When a Prostate cancer is detected early, it is relatively straightforward to monitor. When the cancer starts to develop and progress, such has happened to me (my Gleason score went up to 3+4 after the last biopsy) then treatment options are considered. For me, none of these included drugs. In fact I am not aware of any suitable drug based therapies for a localised, medium risk case such as mine. The options I had been offered were surgery, radiation and HIFU (High Intensity Focused Ultrasound). 
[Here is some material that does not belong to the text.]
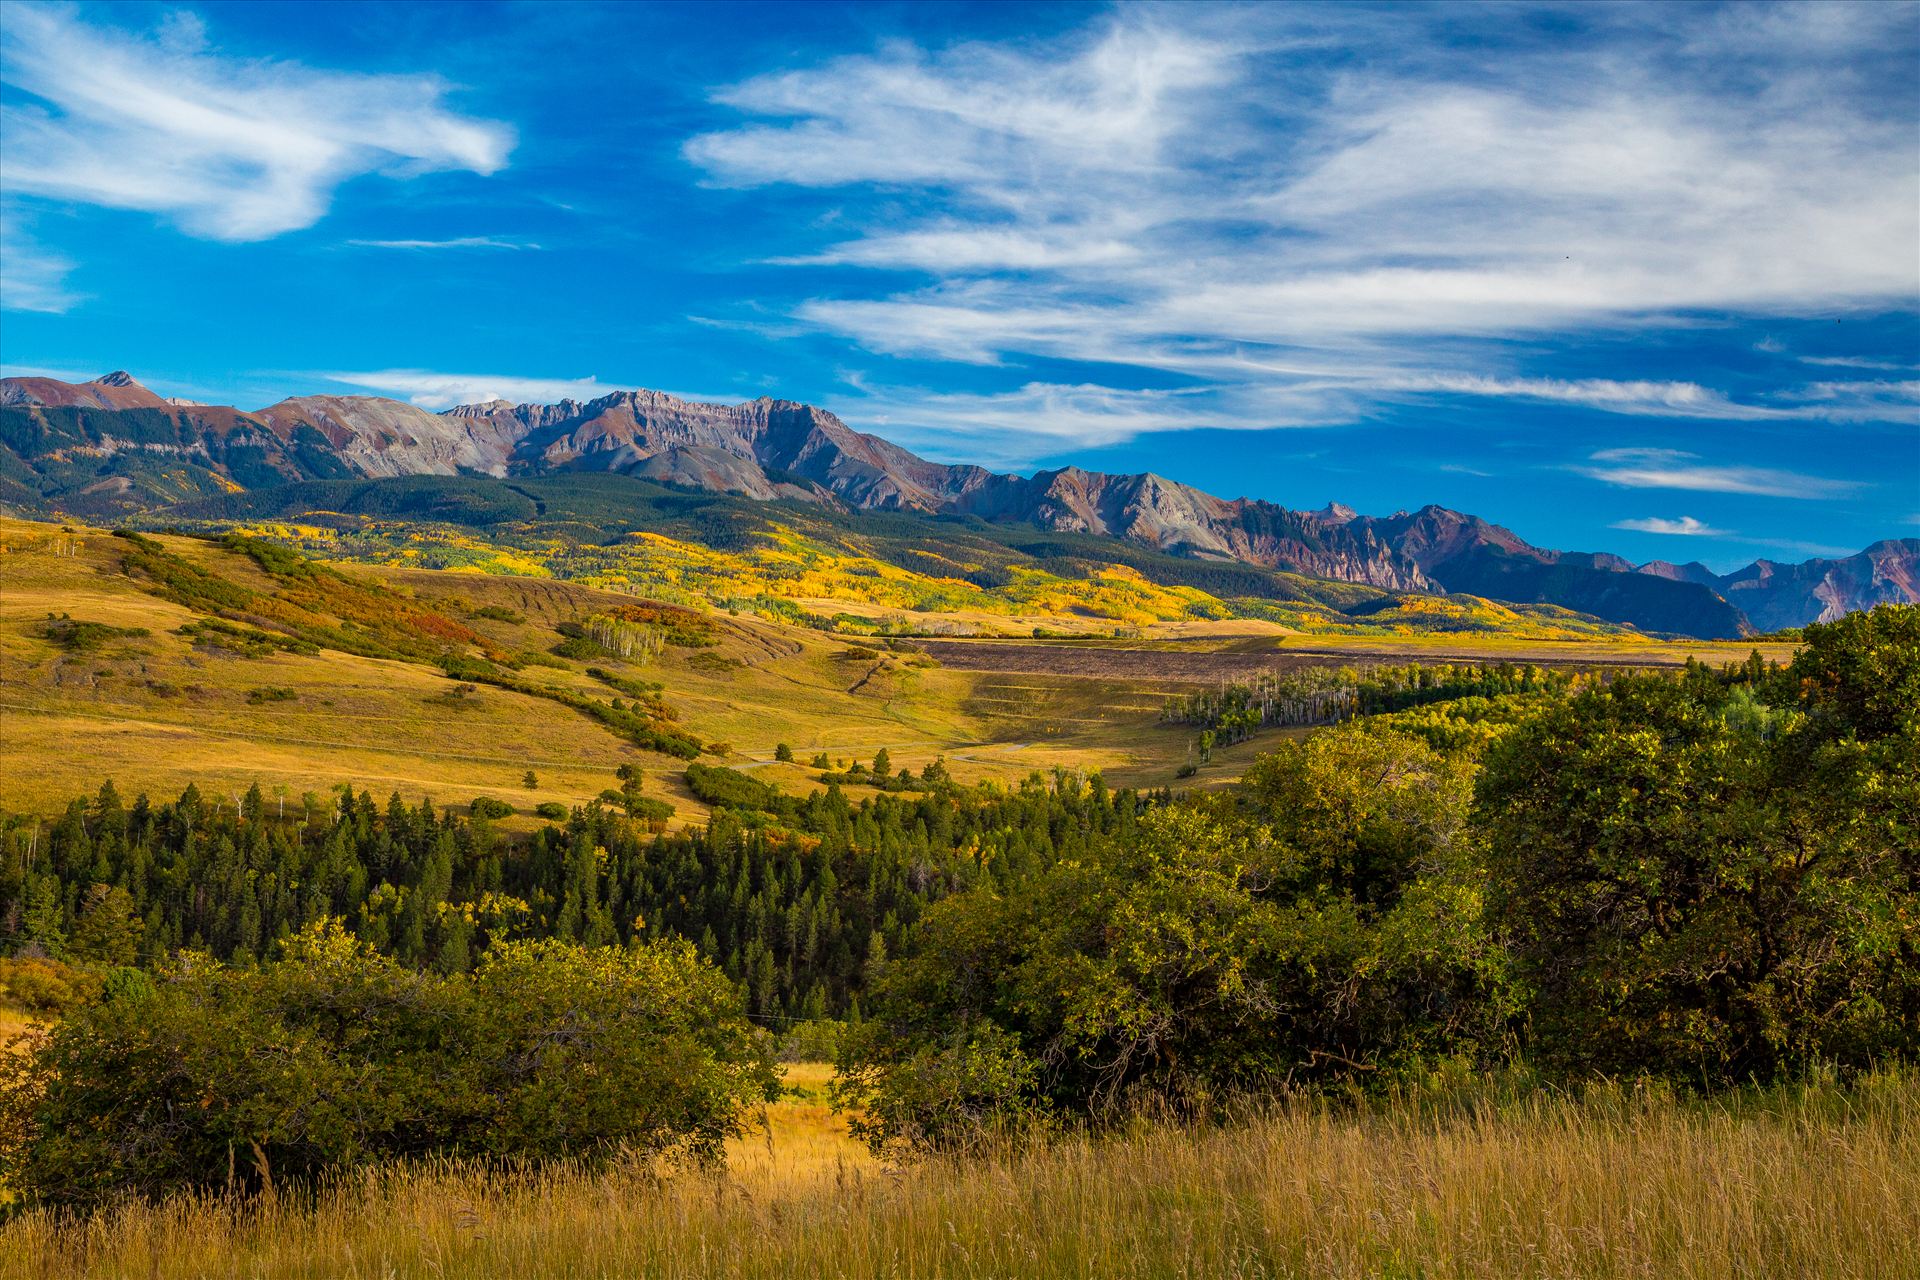 Last Dollar Road 2 - From Last Dollar Road looking towards the San Joquin Range, the area around Telluride explodes with fall colors. by Scott Smith Photos

I have opted for HIFU. The doctor informed me that it is a day procedure. I will have 2 weeks recovry time off work and a month off playing football. That is it. I will presumably have antibiotics and pain killers around the time of the treatment. That will be that. The biggest risk to me is that the HIFU doesn't work and I'll have to have a follow up treatment. I cannot pretend that it all sounds pleasant, it doesn't. If I wasn't dealing with a potentially life threatening and limiting disease, there is no way I'd be having such things done. But I have two friends who are living with a Prostate Cancer that has spread into their bones and invaded their bodies. They are having hormone therapy and are simply managing the disease. Both are doing well and coping, but both would give the world to be in my position, where the disease is treatable as opposed to managable. 
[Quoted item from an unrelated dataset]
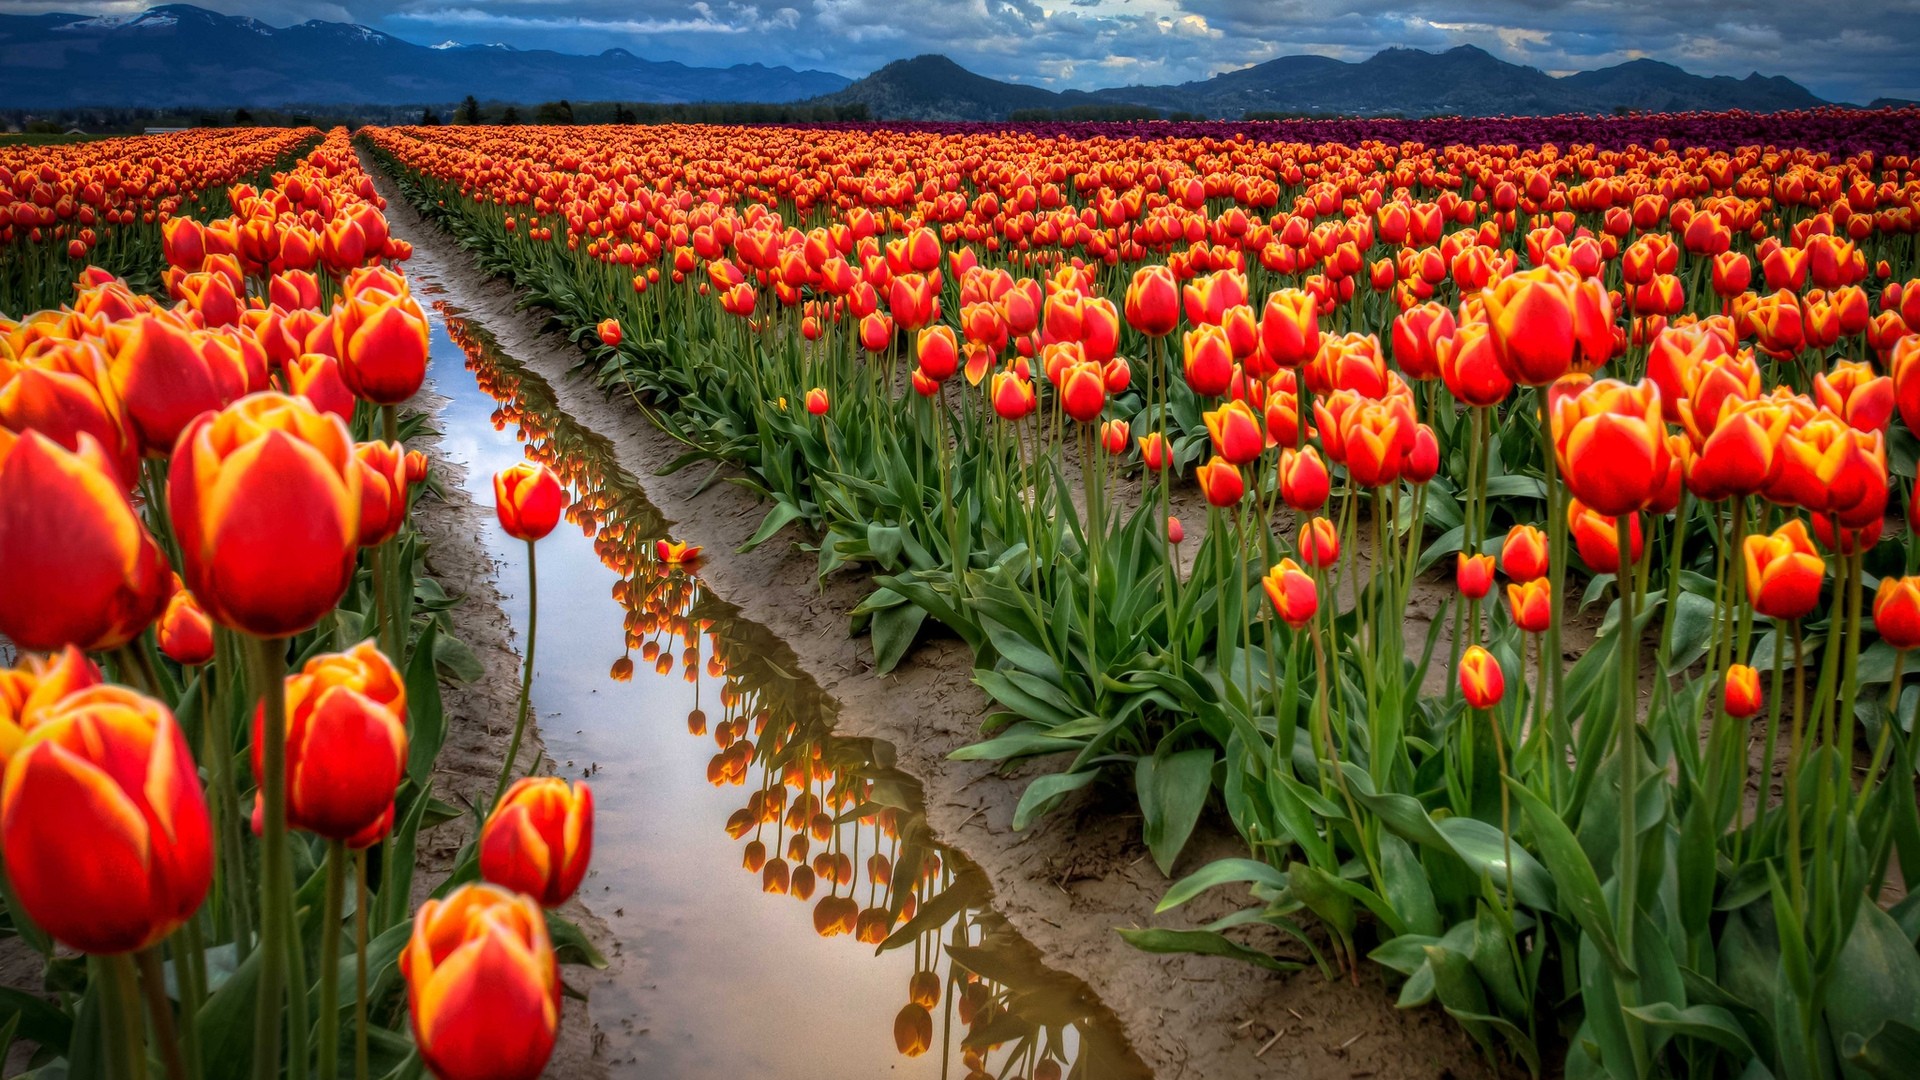 landscapes, Nature, Flowers, Tulips, Hdr, Photography Wallpaper

What worries me about the misconceptions which the likes of Brian inadvertently spread is that it scares people. When Brian goes down to the Rotary Club for a G&T and tells his friends that this awful blogger has been sent round the bend by powerful anti cancer drugs, how will they react? Just suppose their doctor urges them to have a PSA test as part of a general wellbeing checkup. If they think "Oh yes, but I remember Brian saying that blogger was sent bonkers by the drugs after he had that" will they be so keen to get checked out? If Brian was simply one person with a misconception, I wouldn't be moved to comment, but his perception seems to be the norm. One of the most common reactions I get when I tell people that I am on "active surveillance" and the NHS are simply waiting for the disease to progress they say "It's those bloody Tories cutting NHS budgets, it's terrible".  I then have to spend half an hour defending the NHS and the funding for cancer treatment and explaining that "active surveillance" is by far the best clinical alternative for people in my position. 
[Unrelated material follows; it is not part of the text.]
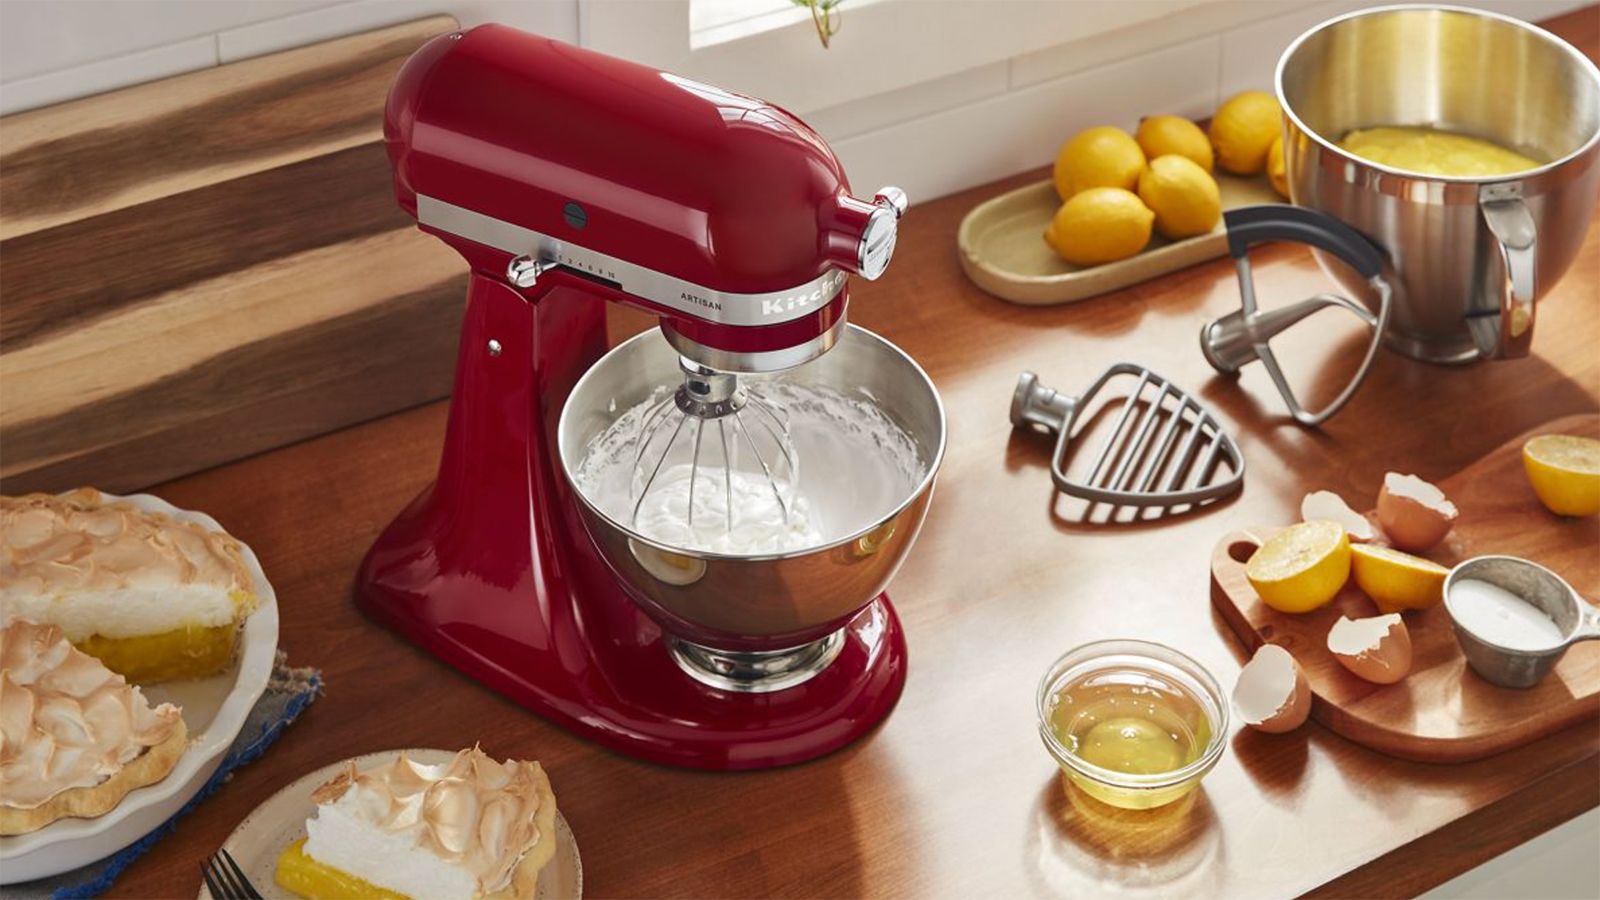 Kitchen Aid Stand Mixer Top 10 Holiday Gift Ideas for Her

So to sum up. If someone tells you they have been diagnosed with cancer, don't assume they are on medication. Don't assume that they are going to die or even have a vastly diminished quailty of life. Don't assume they won't be doing what I will be doing in an hours time and playing football. If they tell you, it is probably because they are hoping you will give them support. Whatever the prognosis, listen to what they have to say. Do not make assumptions. If they say they have a treatable cancer, that is because they have a treatable cancer. Doctors do not lie. If the news is worse, then they will need love and encouragement. I am extremely lucky. For all of my consultations, my wife has attended with me. I know some people who "spare" their nearest and dearest the pain of having to listen. I would suggest that in general it is better to take someone along for emotional support. If a friend doesn't have anyone to take, maybe you can offer to go with them. But most of all listen and don't make assumptions. When people see comments such as Brians, they assume there is an element of truth in them. They assume that the situation is far more serious than it really is. Whilst I am really not that bothered, when I get phonecalls from friends who have heard I am in a bad way, that is the downside. Each one means I spend half an hour reassuring them that I'm fine (and i'm sure they don't really believe me). But that is the truth and there are many people in my situation.